Last year I did my first after film rant. It was dark, it was terrible, and I slightly spoiled something for someone. This time, I’ll only be talking about my emotions throughout the film, and what I hope for in the future. Hopefully, this way, no one will be spoiled, and I can get rid of these Thanos based thoughts that have been swirling in my head since Thursday.
When I walked into the theater I felt excitement and hope. I was thinking how would they culminate 10 years worth of story telling in two hours? What would happen next.
A quarter way through the film, I felt, very very stressed. There was a lot of death and mayhem going on, and I was hoping for a quick resolution. My stress was only sliced by a sliver of excitement as all the characters were meeting each other.
Half Way through the film, I am just utterly stressed. I can’t talk about what happened because I don’t want to spoil it, but my bottom lip had a groove in it, from pressing my teeth into it for half a film.
3/4 of the way, and I was pretty sad, but hopeful that maybe the gang would be able to turn it around.
At the end of the film, I was angry, sad, and disappointed. It wasn’t necessarily that I didn’t enjoy the film, or didn’t think it was good. I just was not prepared for the culmination of the series in this way.
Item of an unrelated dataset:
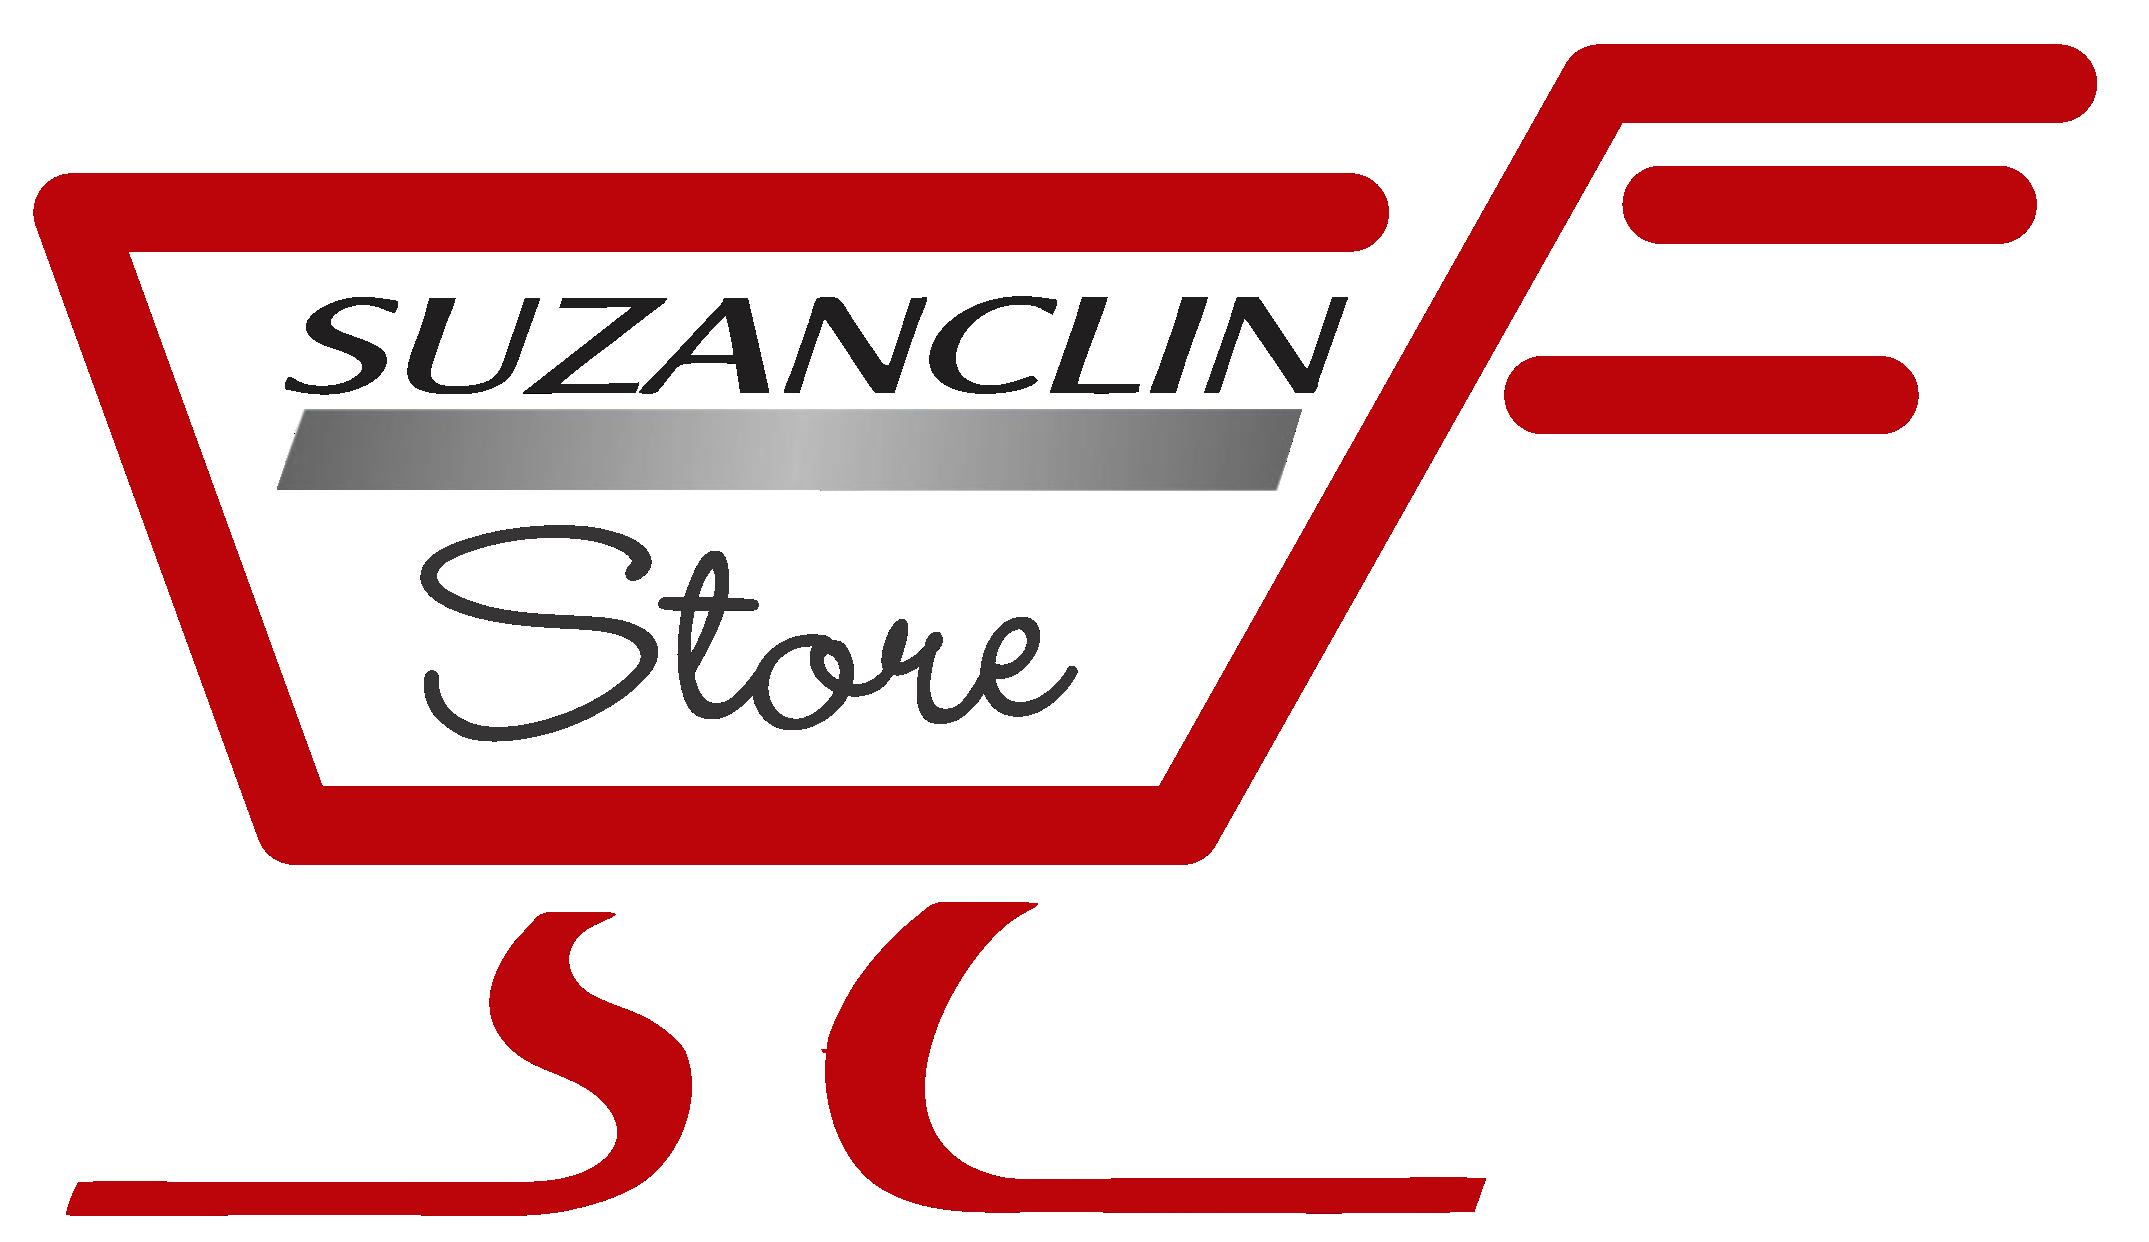 Suzanclin Store

I was not prepared for this film in anyway, every twist and turn hit me like a ton of bricks. I must say that this film should have made me cry, but I was too angry to cry. Once I actually started processing what had happened, I cried a little, but not as much as I expected.
Despite the downward dip in my emotions towards the end, Infinity War kept me enthralled the entire time. I was on the edge of my seat, biting my lip, and my nails, and the popcorn, because all the craziness was making me so concerned for what was going to happen in the film.